There was also a note from BofA citing some of the same concerns regarding European debt.  From ZH (attributed to BofA): “Since the beginning of 2015 (PSPP started in March ’15) the size of the BBB-rated non-financial sector has grown from €450bn to €755bn (66%). Conversely, the size of the Euro high-yield market has shrunk from €310bn to €285bn over this period.”  The ECB can buy investment grade debt, so high-yield issuers have a big incentive to squeeze onto the next rung higher on the quality ladder.  But what happens in a recession with downgrades?

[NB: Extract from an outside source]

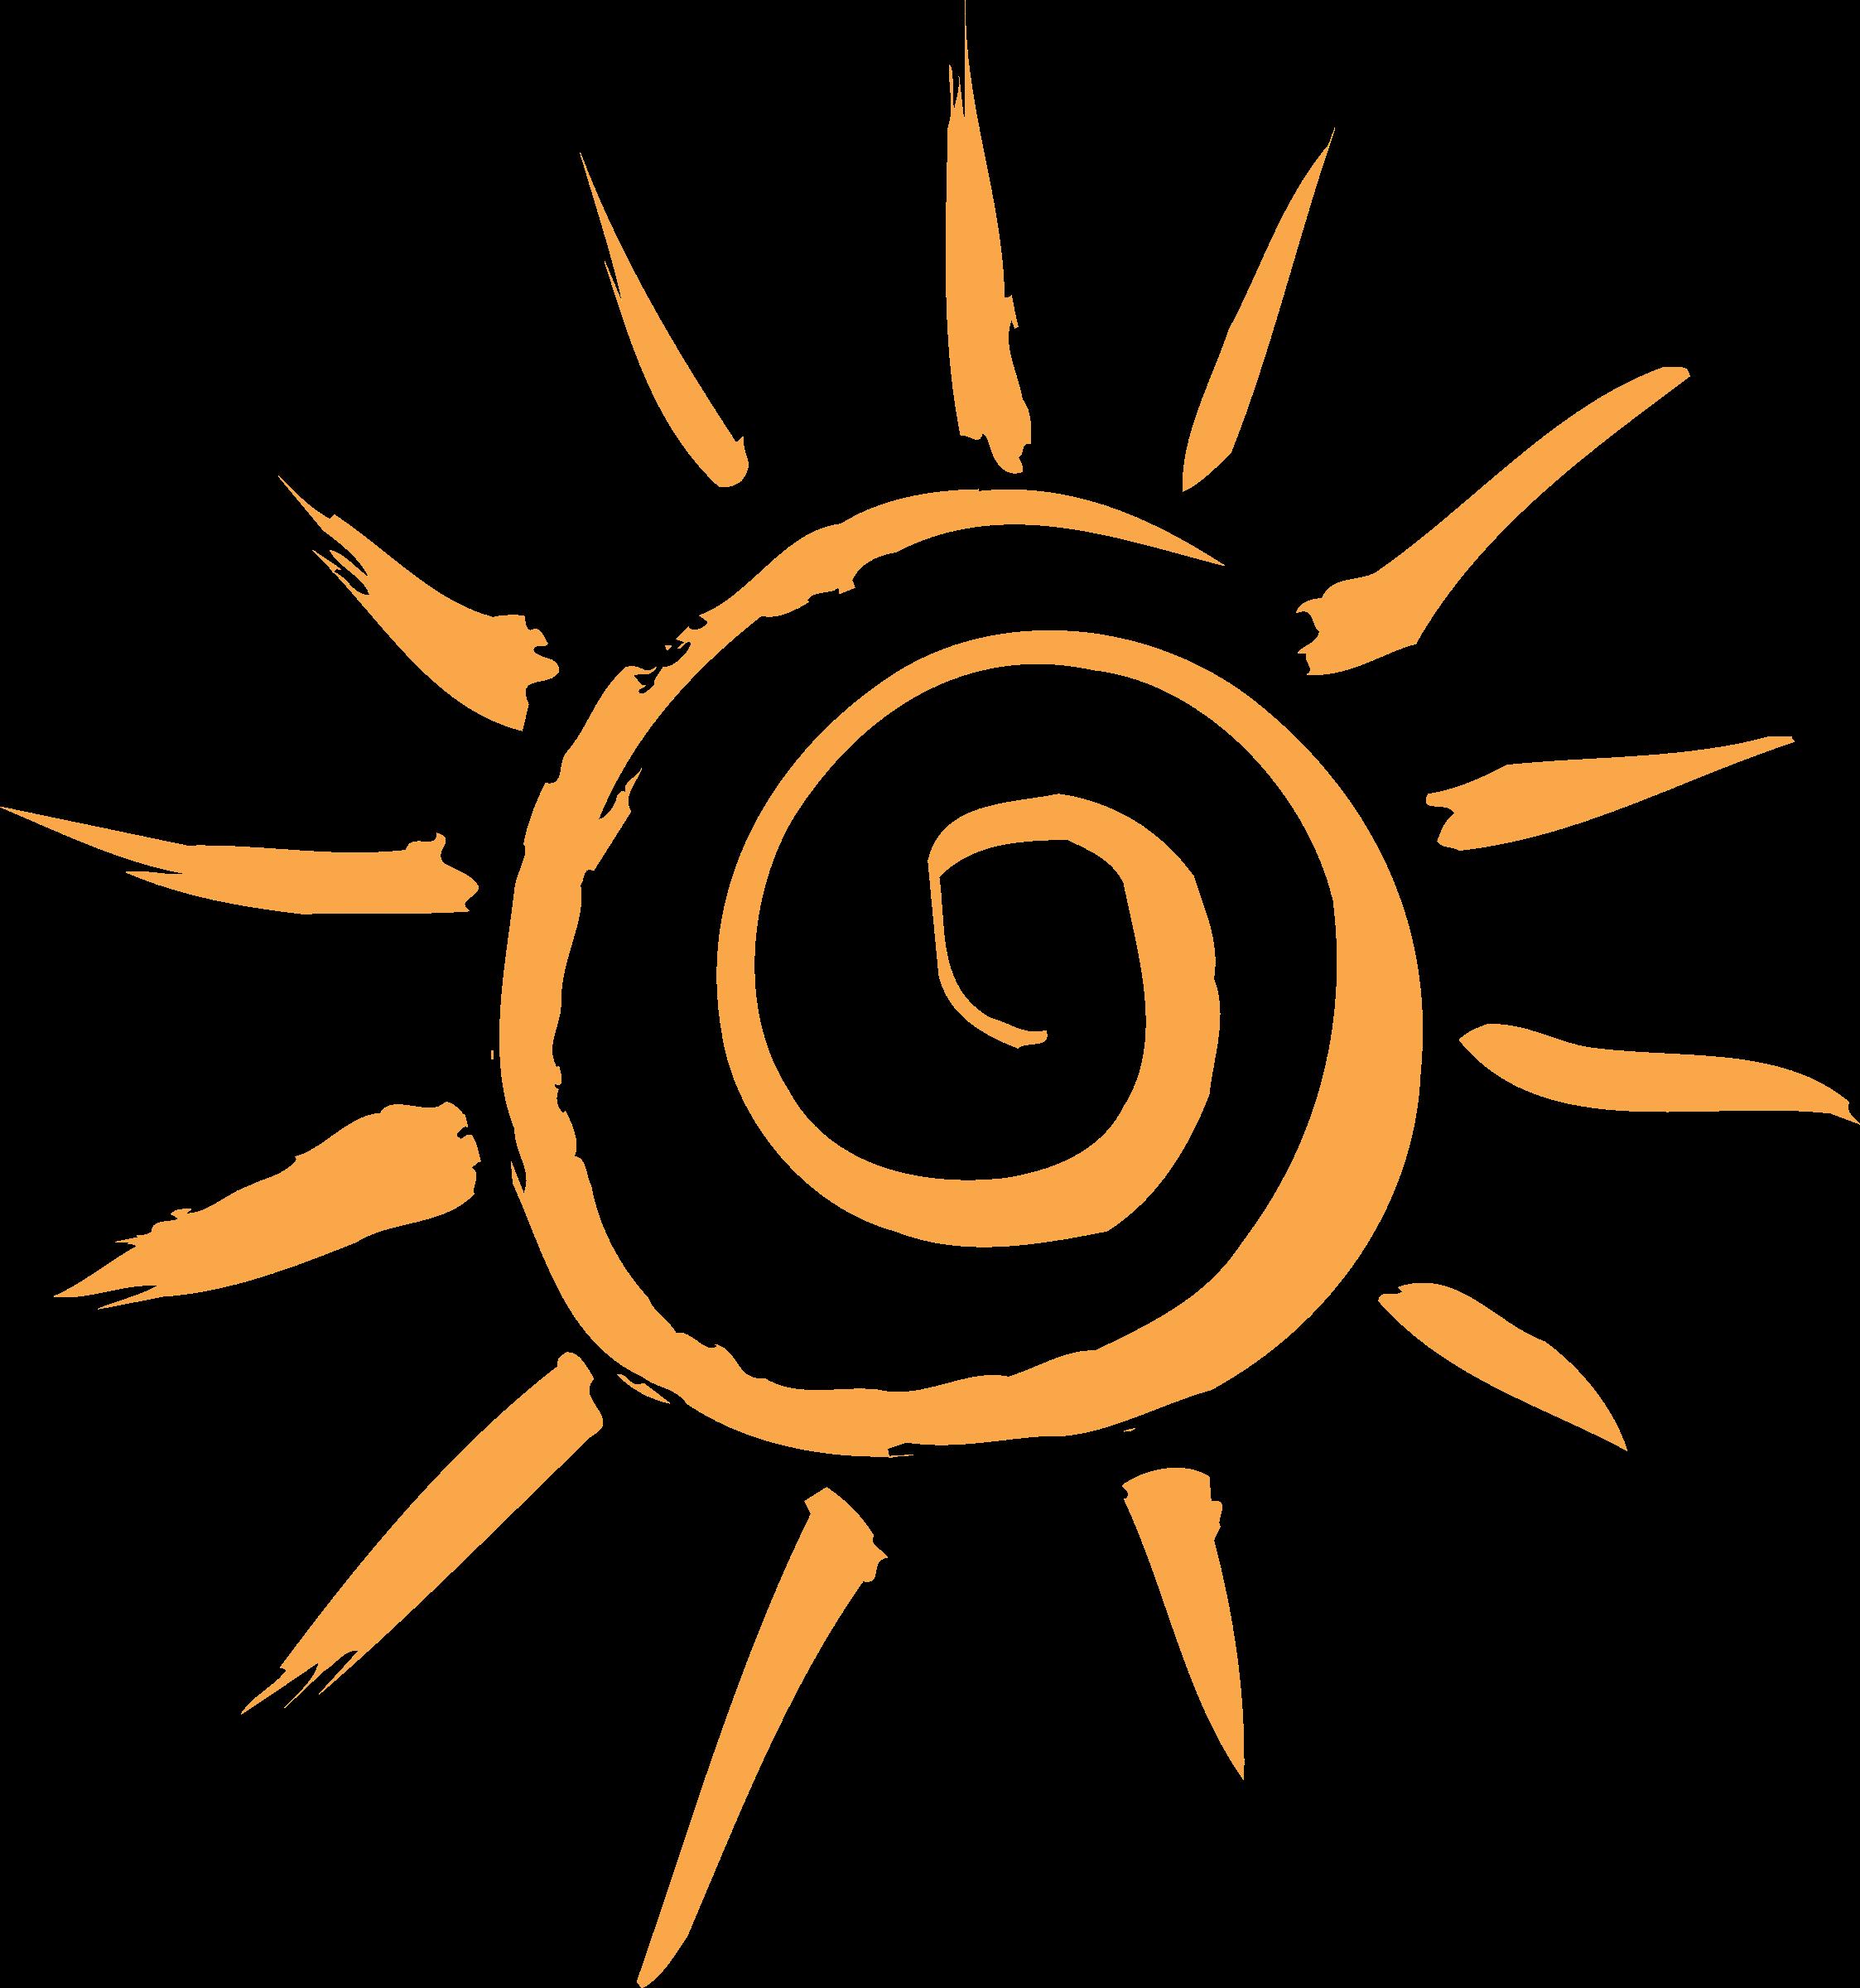 jpg free simple sun motif Icons PNG

Regarding size of the markets, in 2008, when MBS was the problem, the amount of US mortgages outstanding was $10.61T, total Business debt was $10.66T and Corporate was $6.57T.  As of Q1 2018, Mortgage debt outstanding is actually lower at $10.14T, total Business is $14.43T and Corporate is $9.06T.  Of course, the elephant is Fed’l debt, from $7.38 to $17.08.

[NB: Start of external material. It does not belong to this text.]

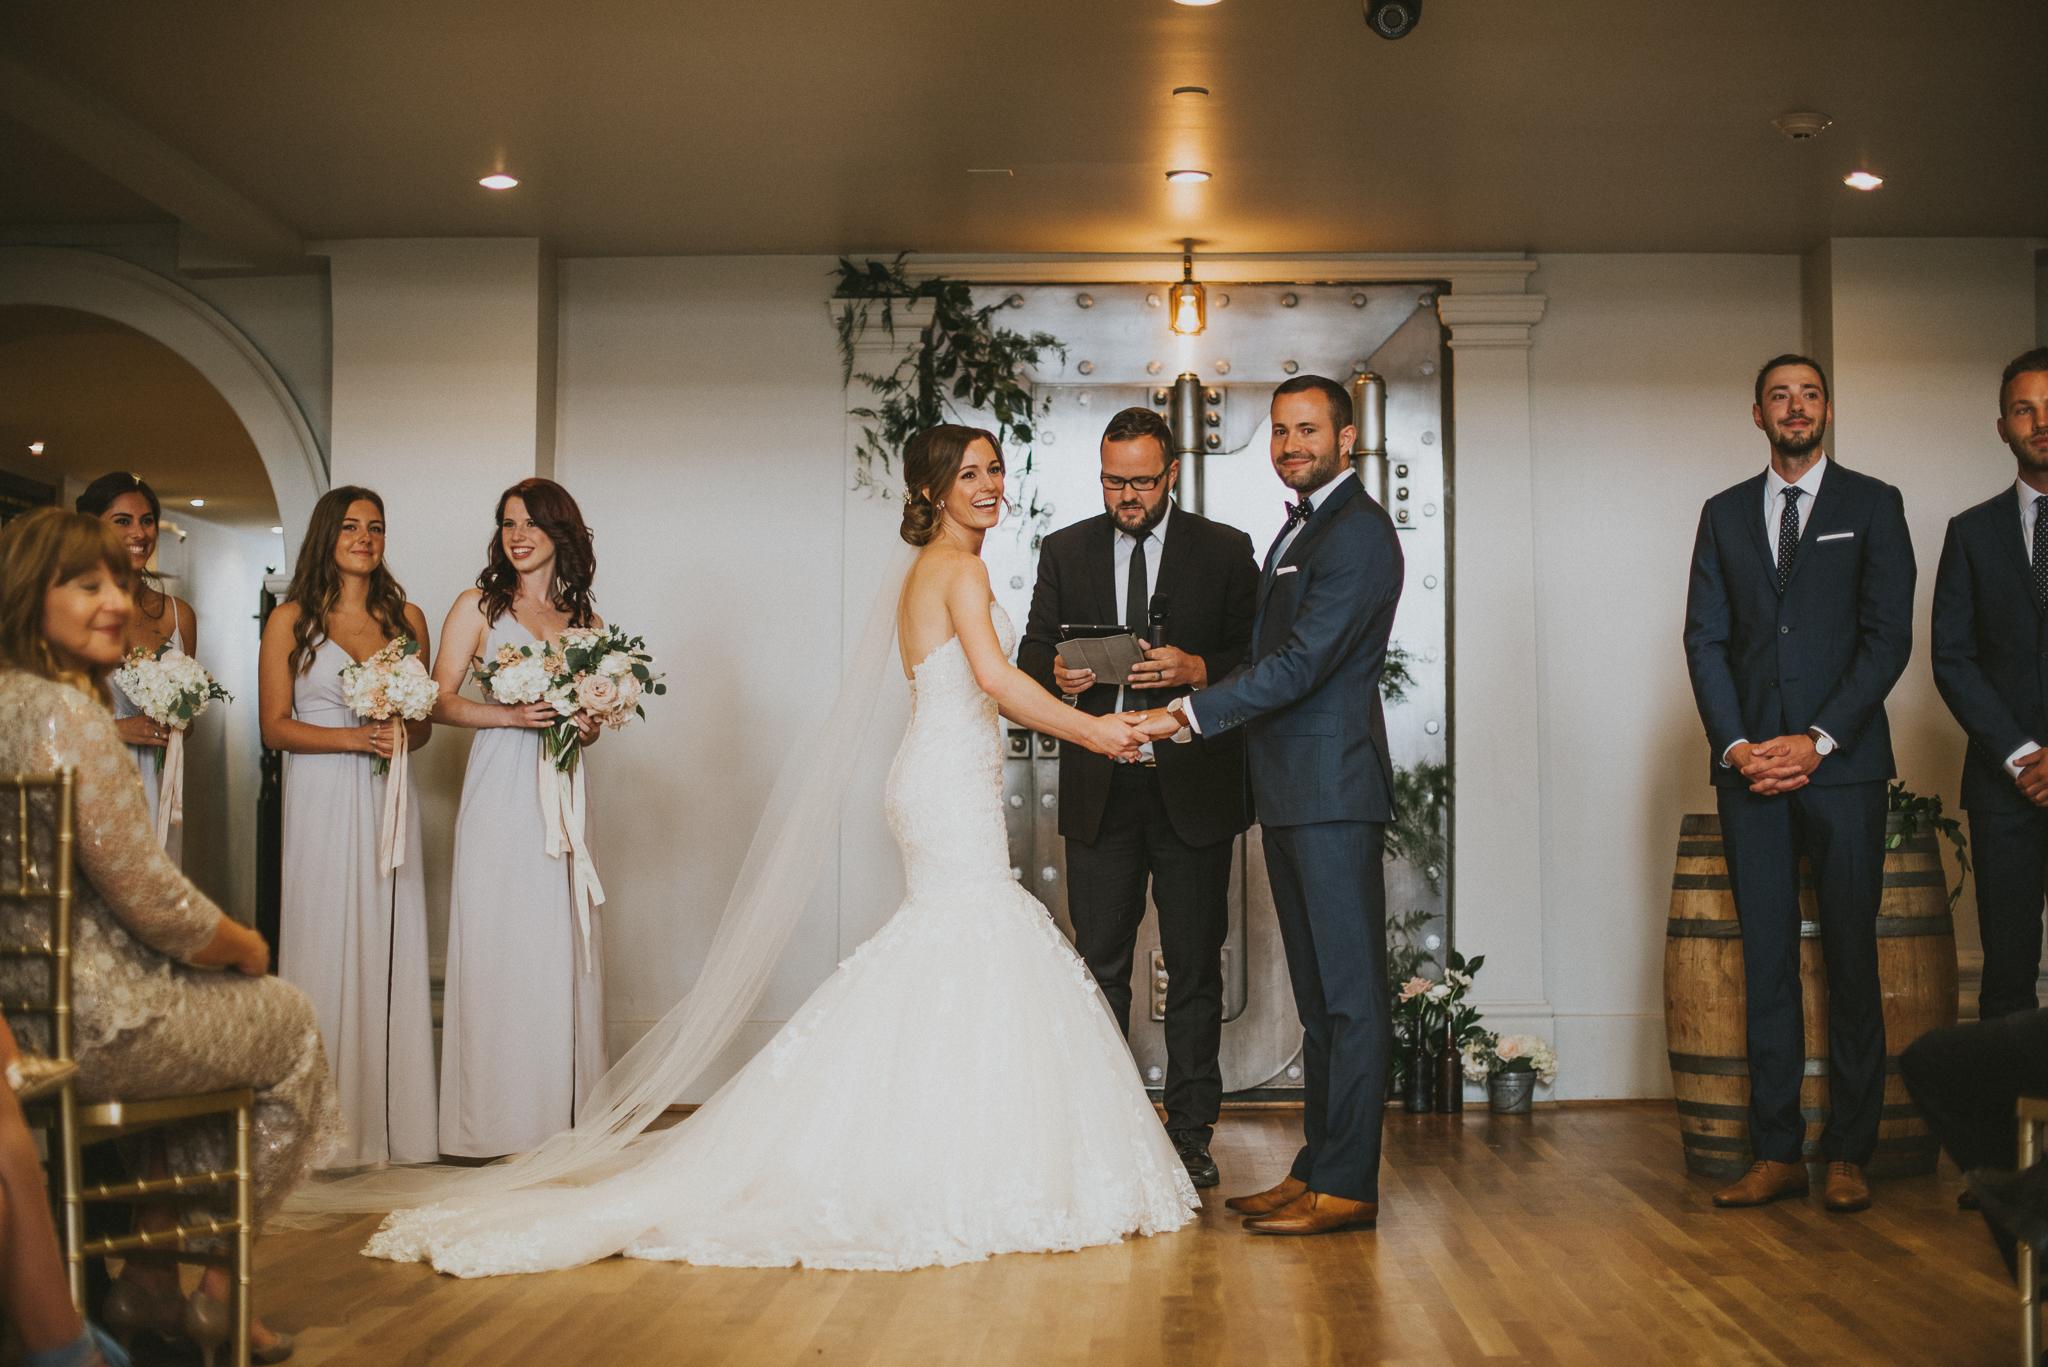 113-permanent-vancouver-wedding-courtneysteven-web-7814.jpg

The broad concern is that there is a lot of debt teetering just above junk status, and perhaps rating agencies are not being as stringent as they should.  With 2 consecutive quarters of negative returns in IG, and an increasing spread, the market is giving a pretty clear warning that probably shouldn’t be ignored.

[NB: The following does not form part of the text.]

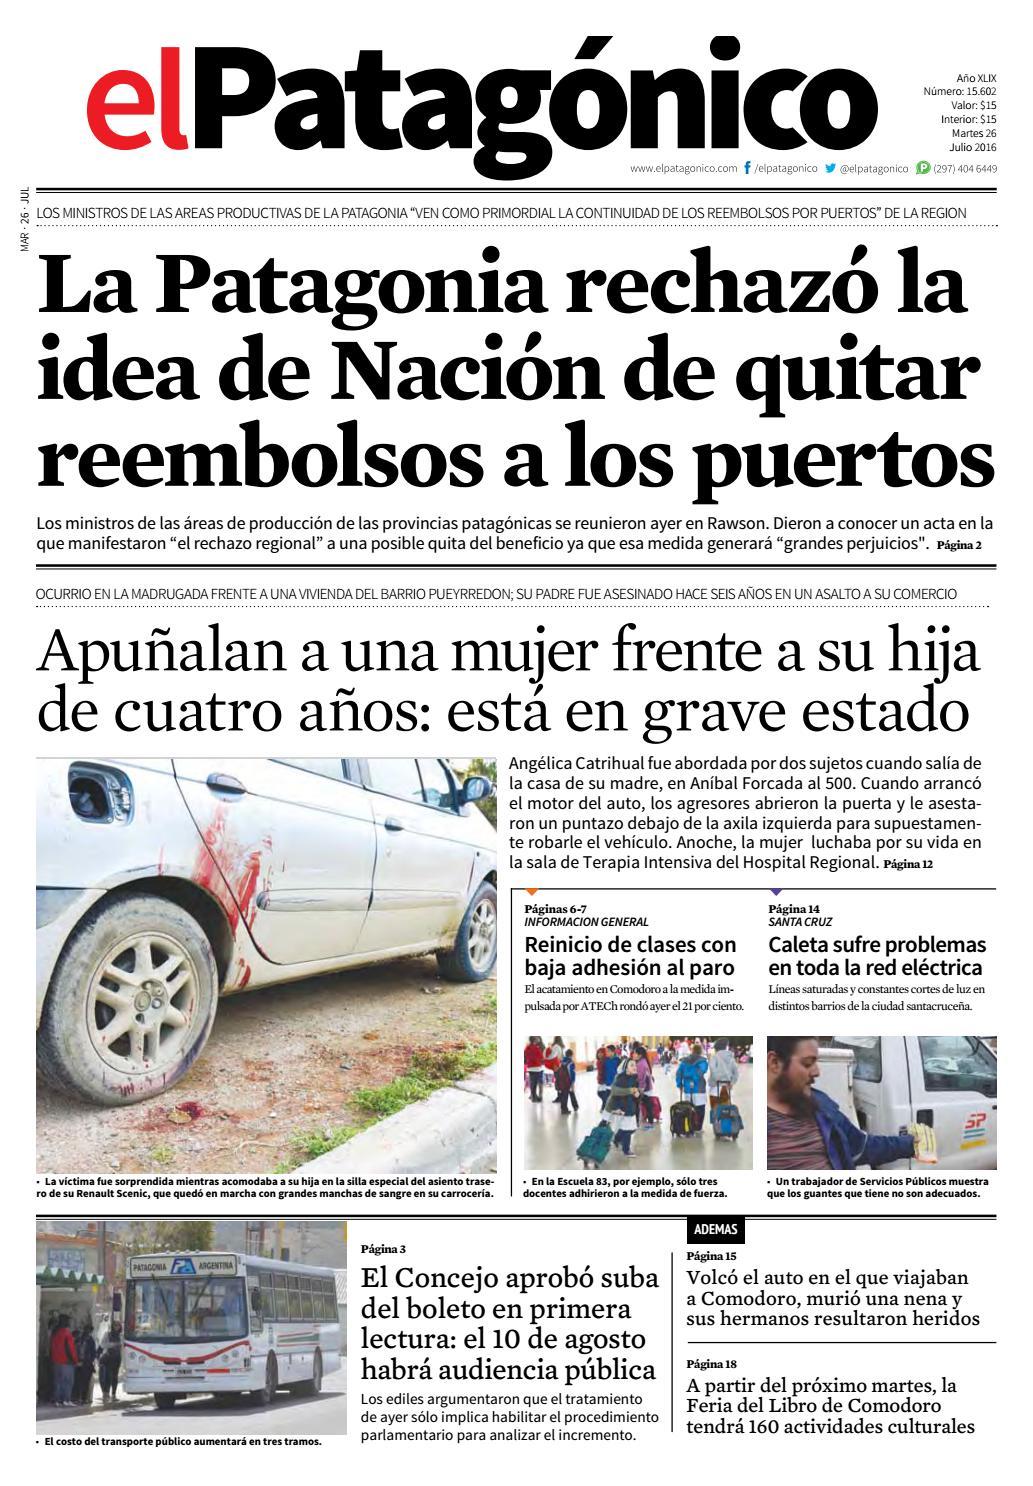 edicion223325072016.pdf by El Patagonico - issuu

Of course, another fragile spot is emerging markets.  From BBG on June 29: “Asian high yield dollar bonds are set to post the biggest quarterly loss since 2013, with Chinese companies leading declines, as a heavy pipeline of new bond deals and rising defaults dented market confidence. Asian junk bonds are set to post negative returns of about 3.3% in 2Q after a loss of 1.1% in 1Q, making it the worst quarter since 2Q 2013…”

For a great summary of the quarter see this blog from Doug Noland
http://creditbubblebulletin.blogspot.com/

When looking back at emerging market strife in the late 1990’s, most charts don’t really reflect the same sort of disruption now as then.  In late 1997 the Malaysian ringgit and Indonesian rupiah and India rupee crashed.  In 1998 it was the Russian ruble (and related collapse of Long Term Capital Mgmt).  In early 1999 the Brazilian Real plunged.  In the current episode Argentina and Turkey have been standouts, and of course, several other countries have had to raise rates to stem capital outflows.  On Friday Indonesia raised 7-day reverse repo 50 bps to 5.25.  June 21, Bank of Mexico raised overnight rate to 7.75%.  June 6, RBI raised repo rate from 6.0 to 6.25%.  Rising rates and vulnerable currencies are headwinds to global growth.

Many recall when the summer month trading lull of 2015 was jolted by China’s devaluation in August.  However, as the chart below shows, this month’s decline in the yuan from 6.40 to 6.62 is around the same magnitude.  Powell’s Fed is turning a deaf ear to growing imbalances, hesitant to ride to the rescue whenever market forces threaten financial asset prices.  It’s a fine line.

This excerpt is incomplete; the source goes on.